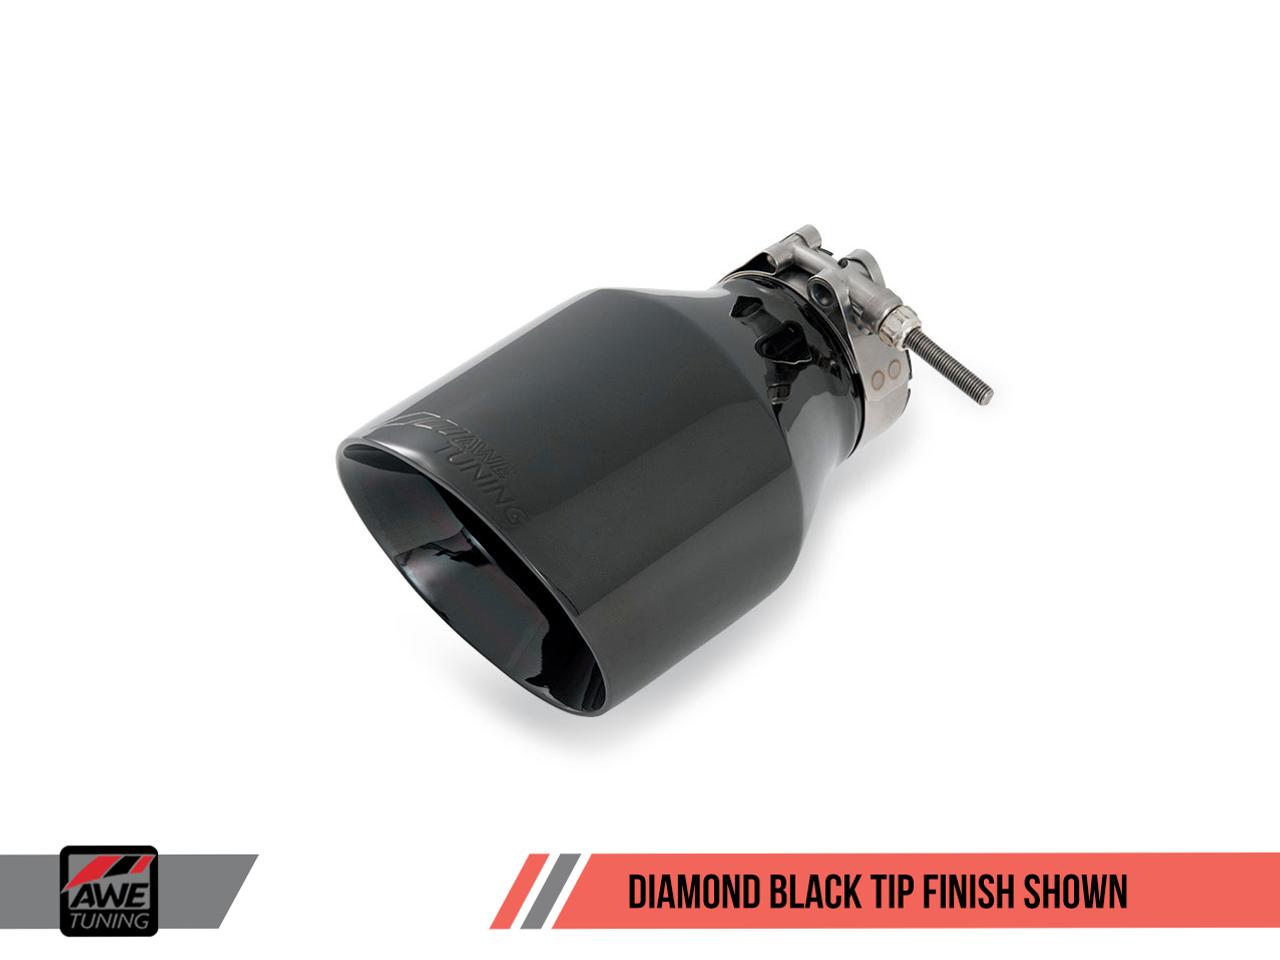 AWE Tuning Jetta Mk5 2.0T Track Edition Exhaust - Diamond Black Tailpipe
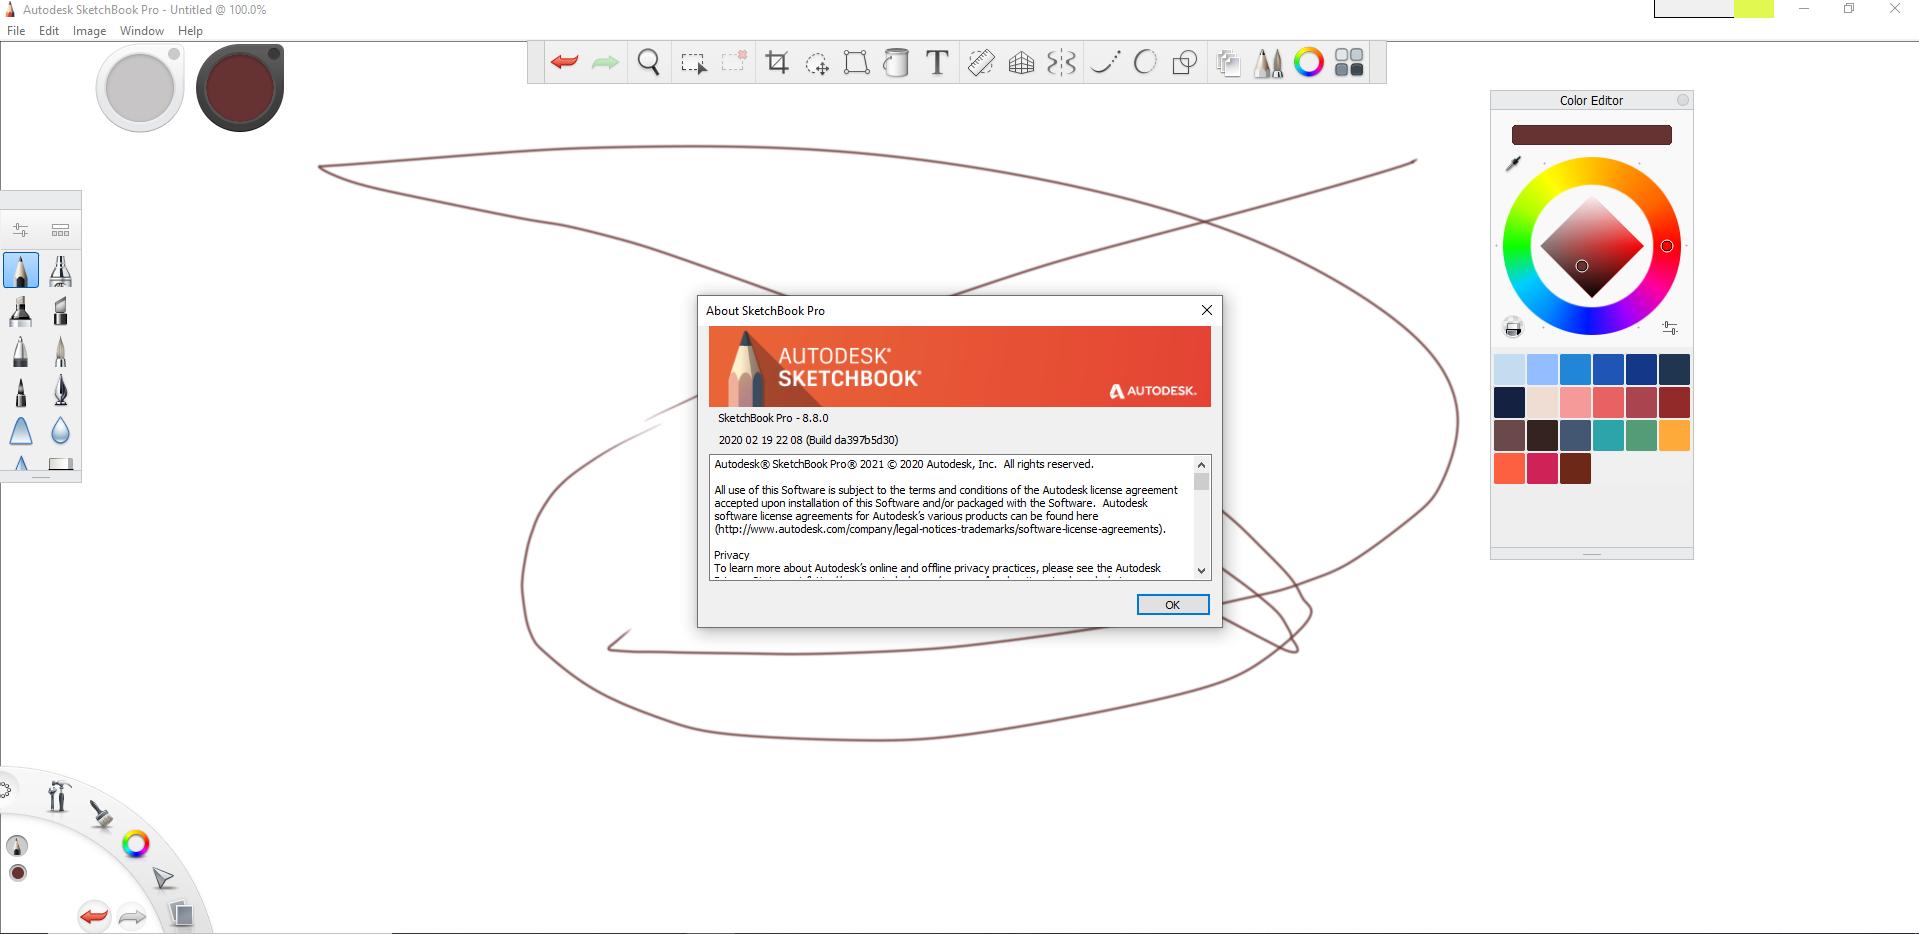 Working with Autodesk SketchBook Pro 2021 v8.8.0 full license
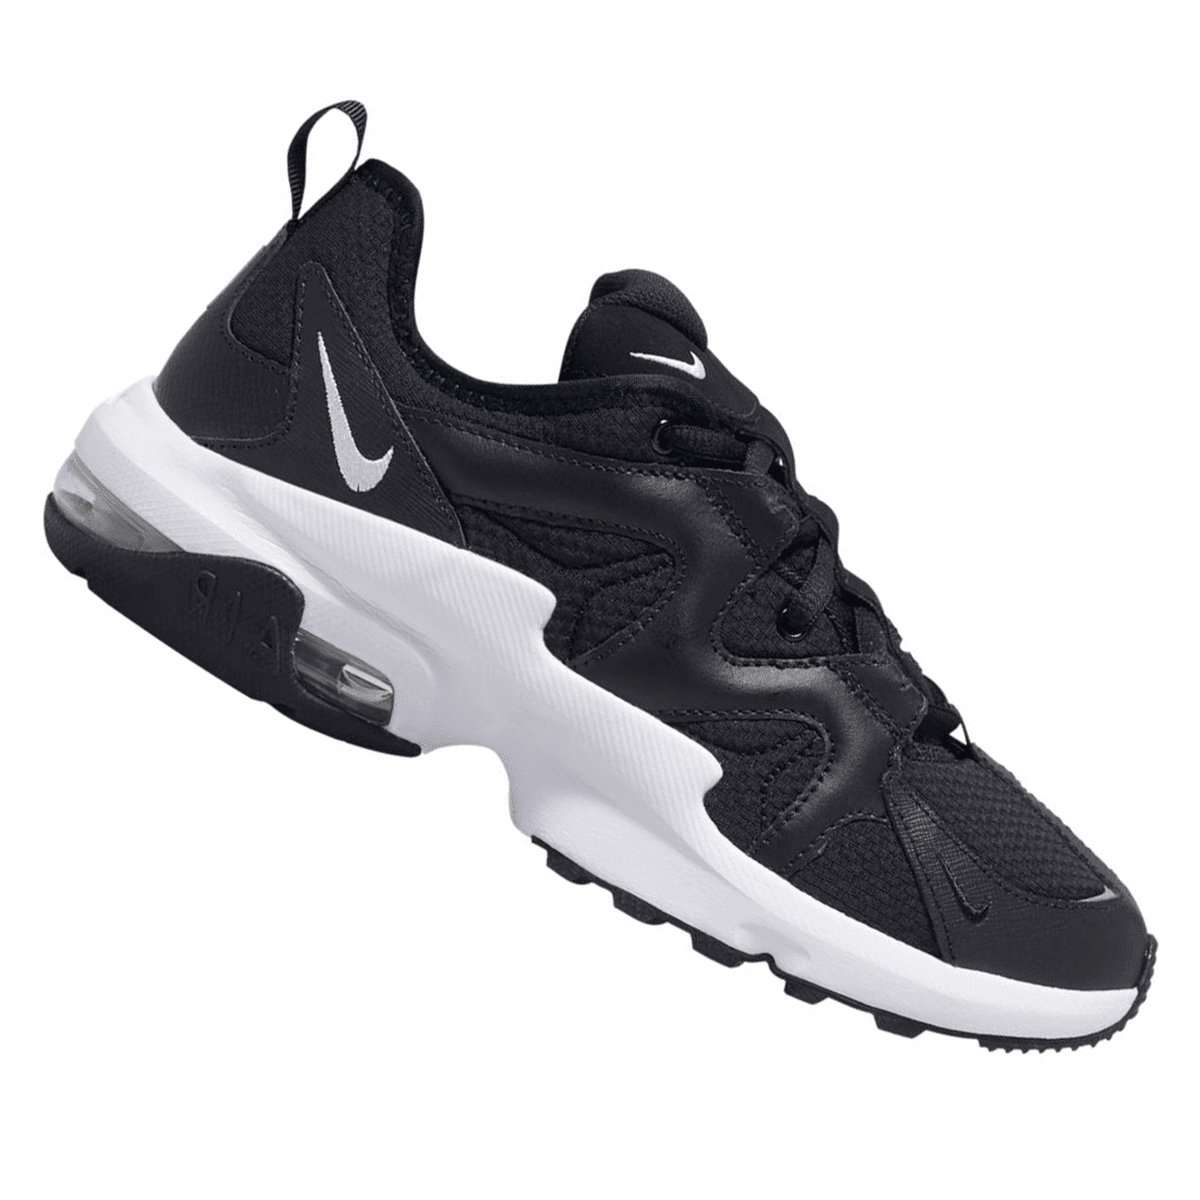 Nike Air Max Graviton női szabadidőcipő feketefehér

──────────────────────────────

Aim of the task:
Take the lines from the one that contains "Working with Autodesk" down to the last line of the listing above, both included, and set them down exactly, leaving out pictures.

Final answer:
 Working with Autodesk SketchBook Pro 2021 v8.8.0 full license
 Nike Air Max Graviton női szabadidőcipő feketefehér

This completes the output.